Requirement:
Leave out the pictures and repeat the data exactly.

Source material:
BEGIN

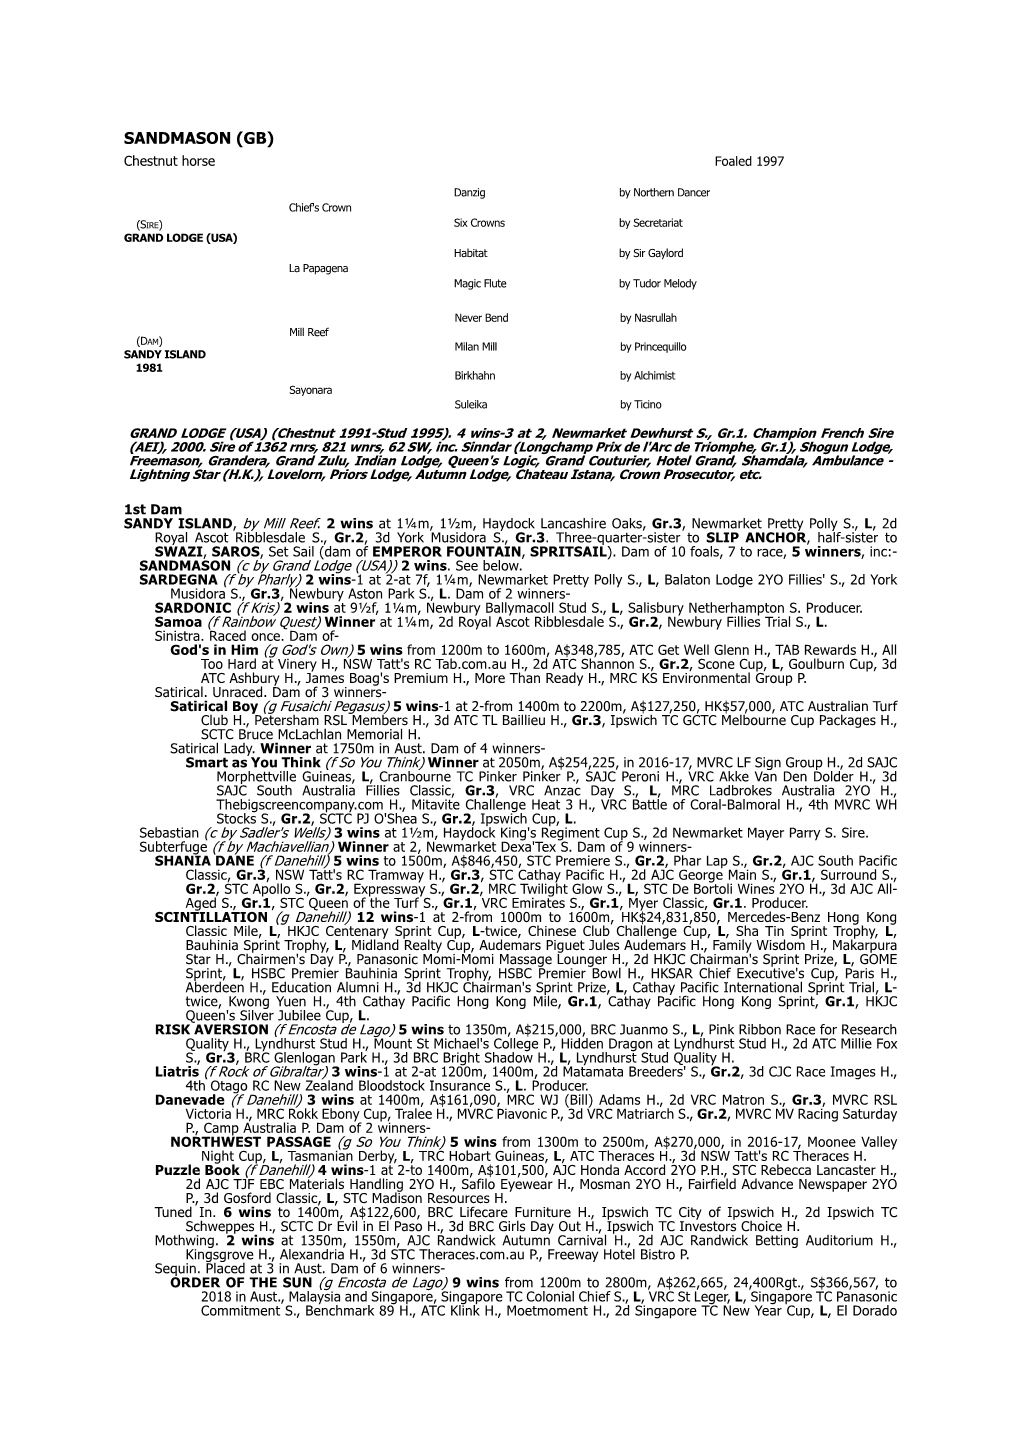 SANDMASON (GB) Chestnut Horse Foaled 1997
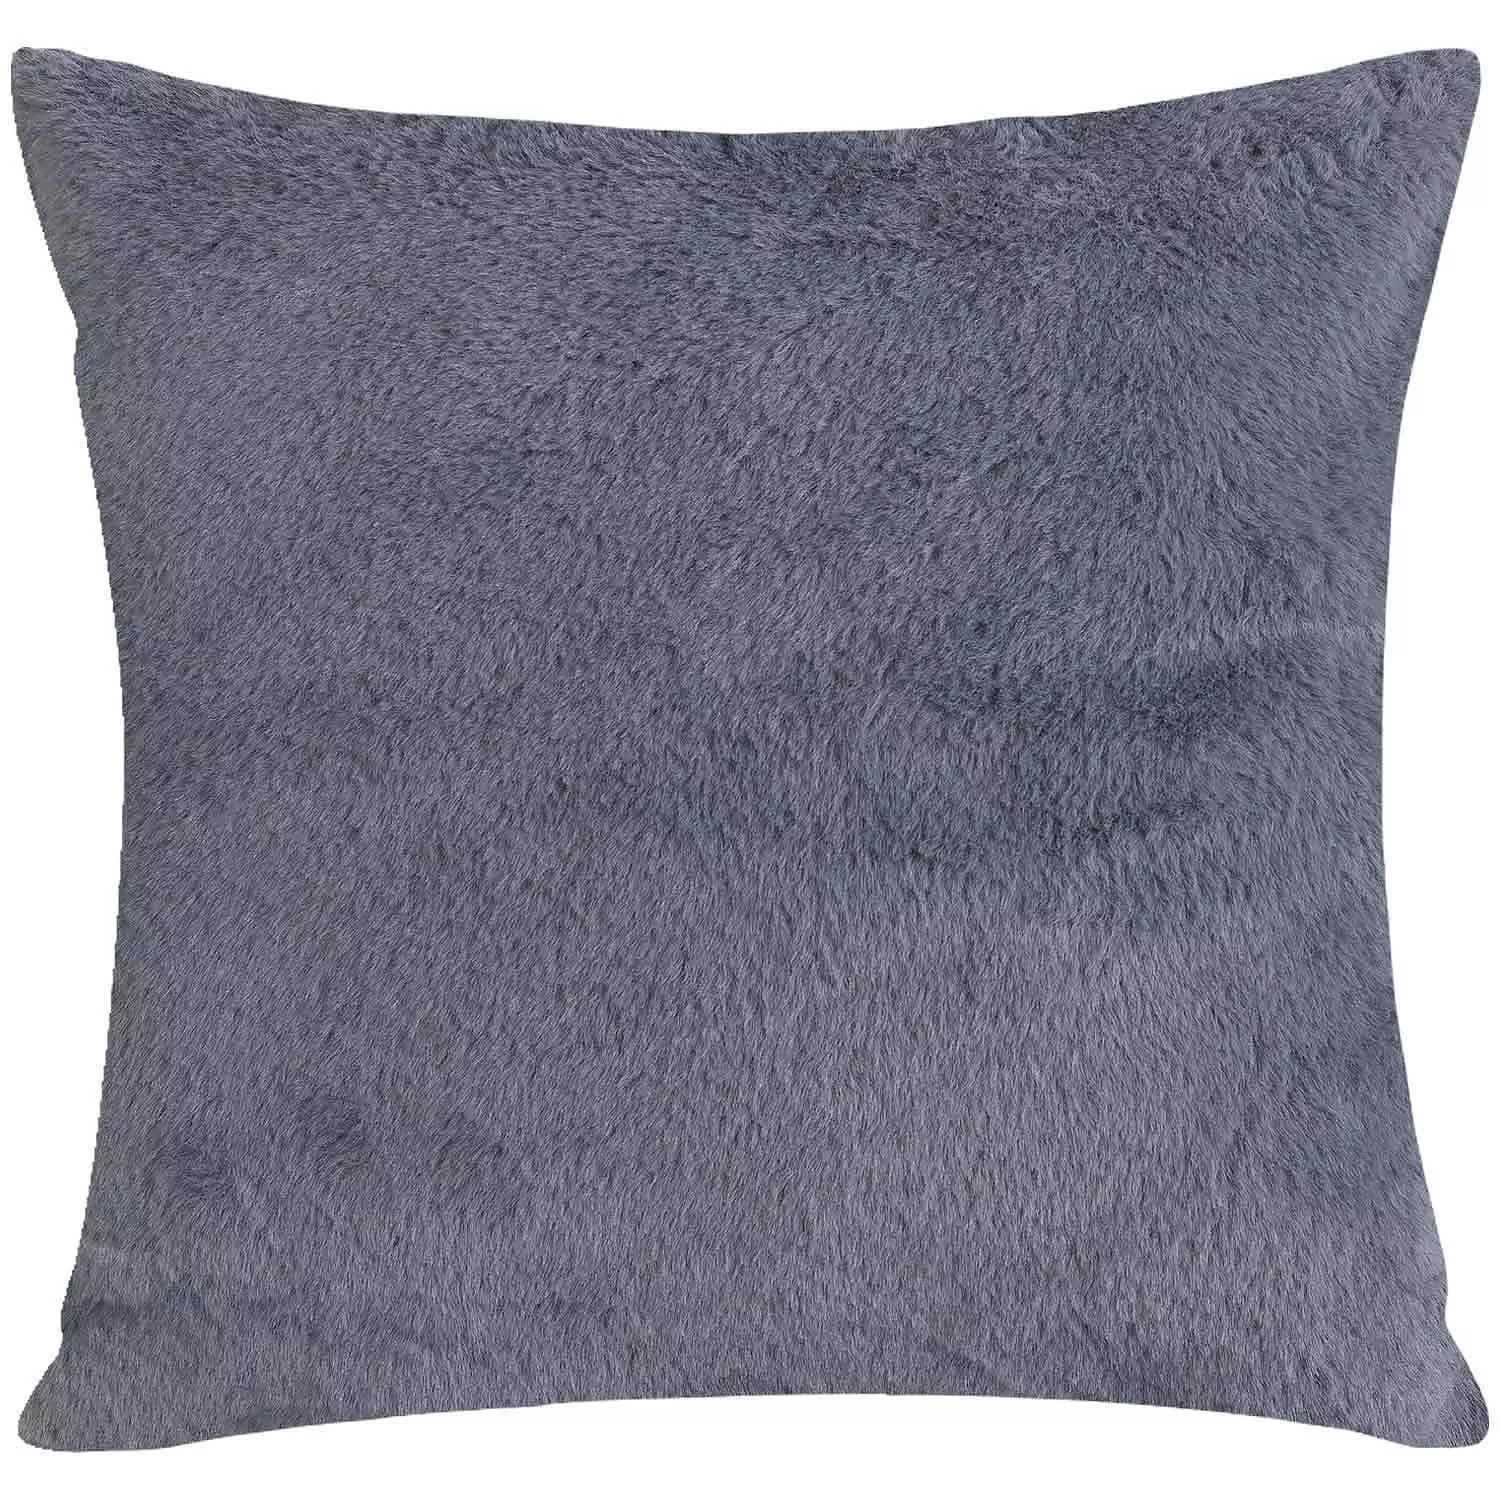 Plush cushion, 18"x18", grey
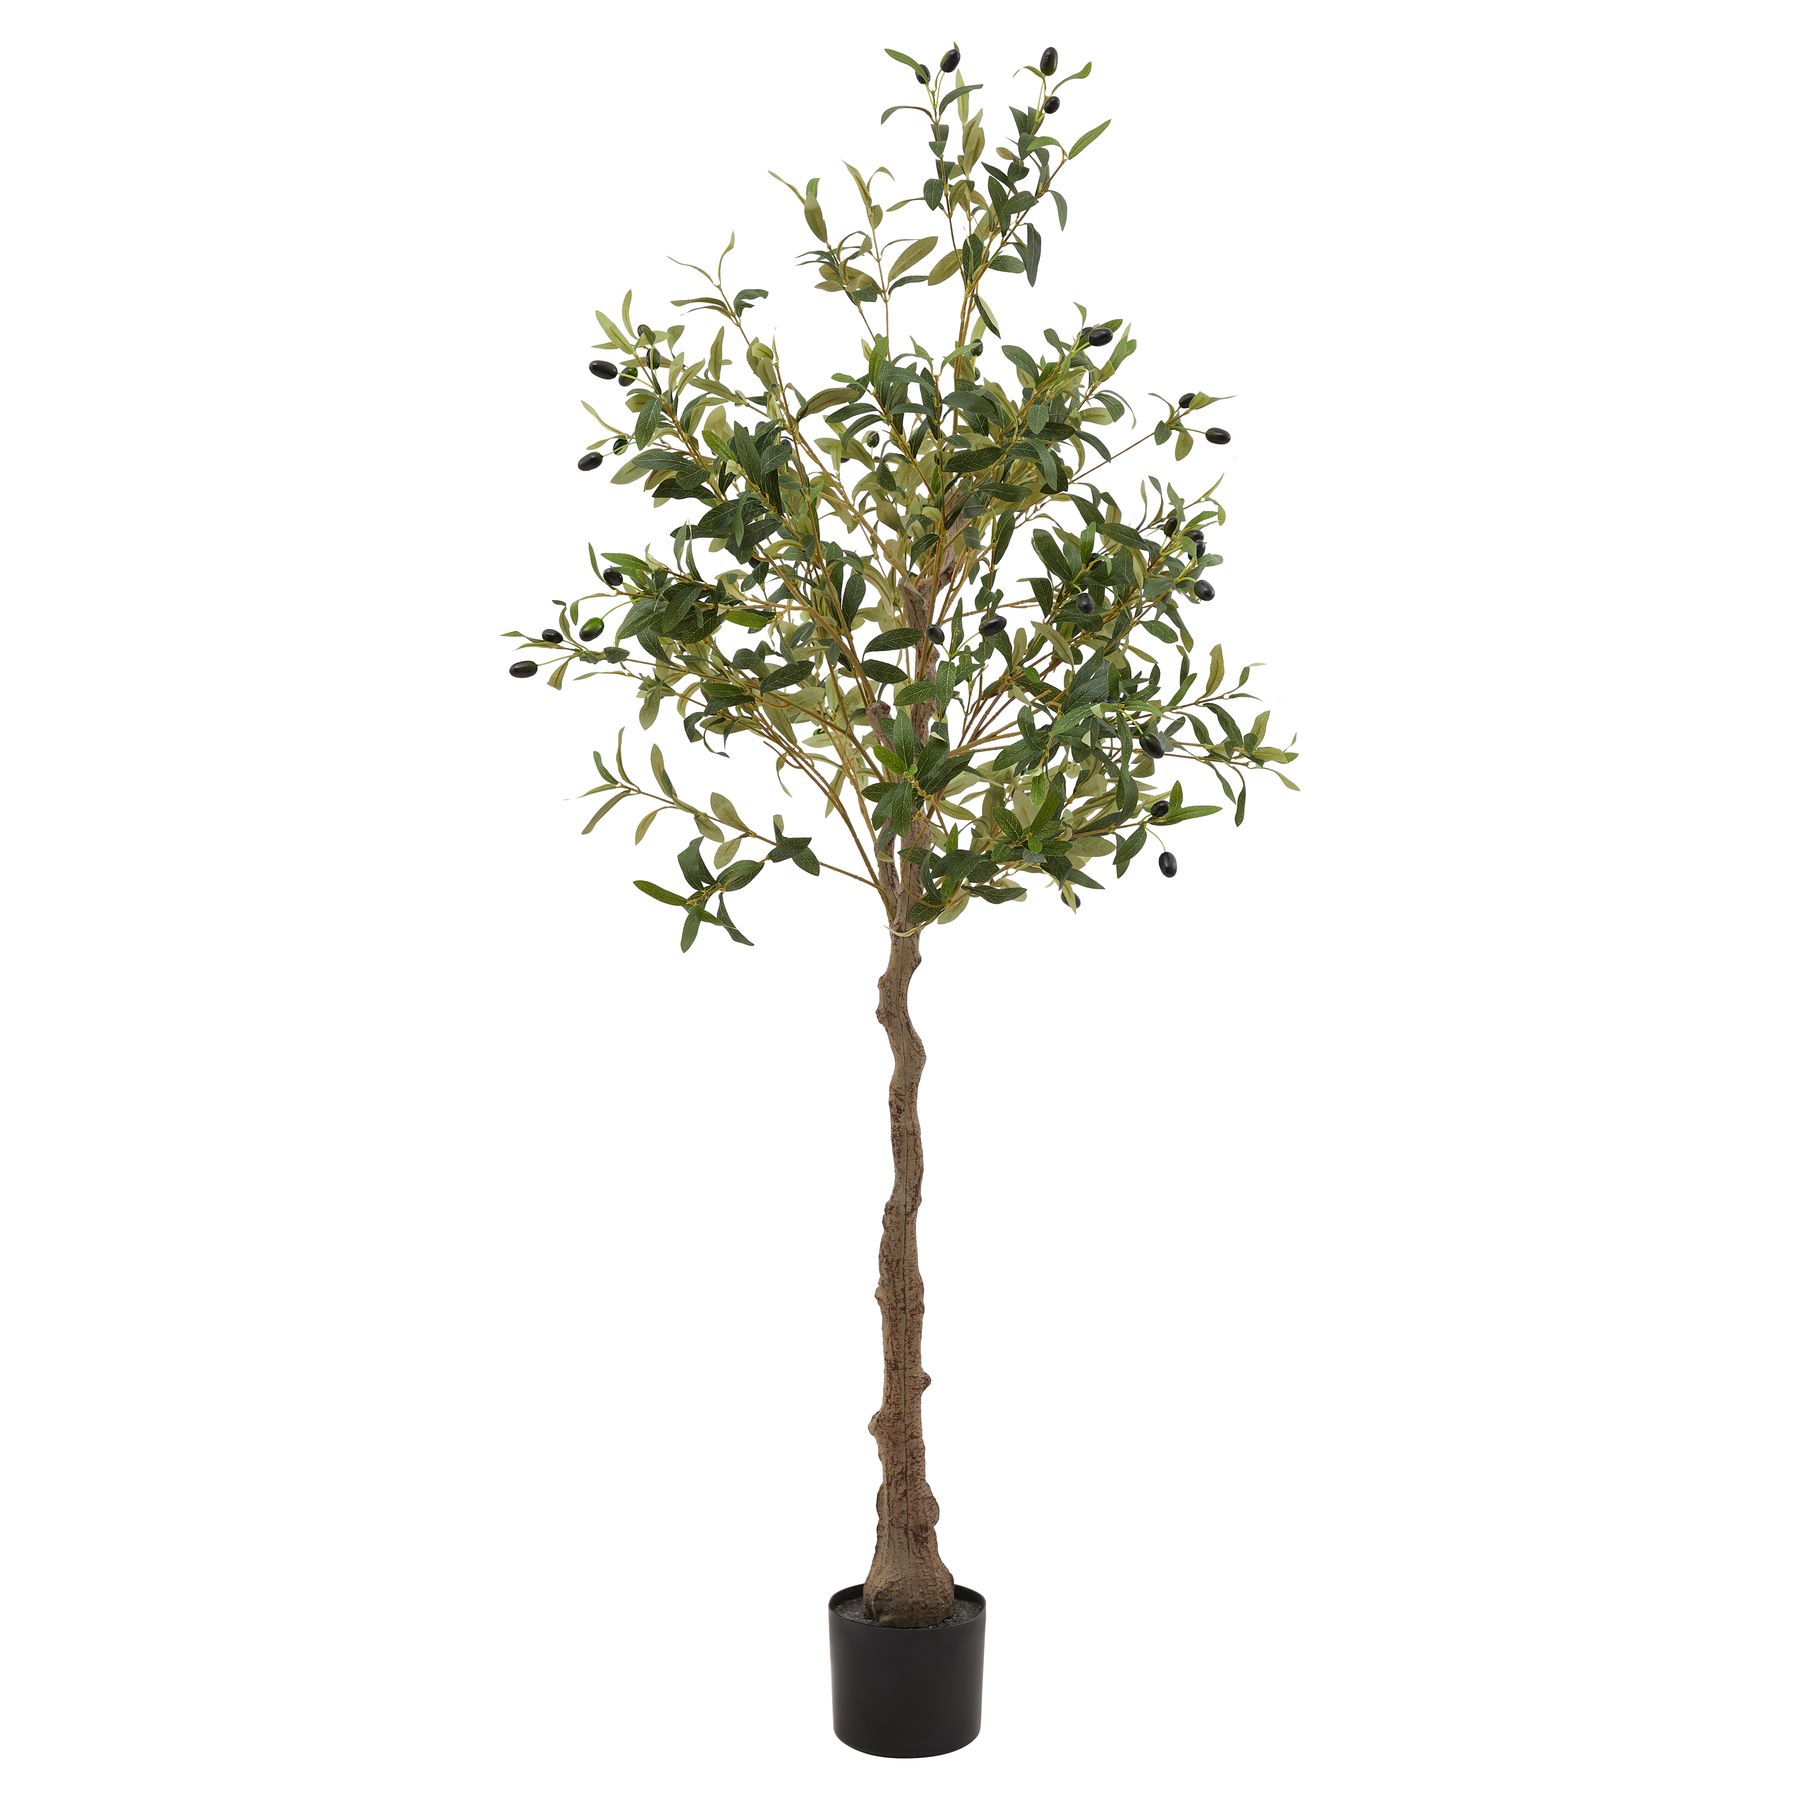 Calabria Olive Tree - Image 1

END

Finished exercise:
 SANDMASON (GB) Chestnut Horse Foaled 1997
 Plush cushion, 18"x18", grey
 Calabria Olive Tree - Image 1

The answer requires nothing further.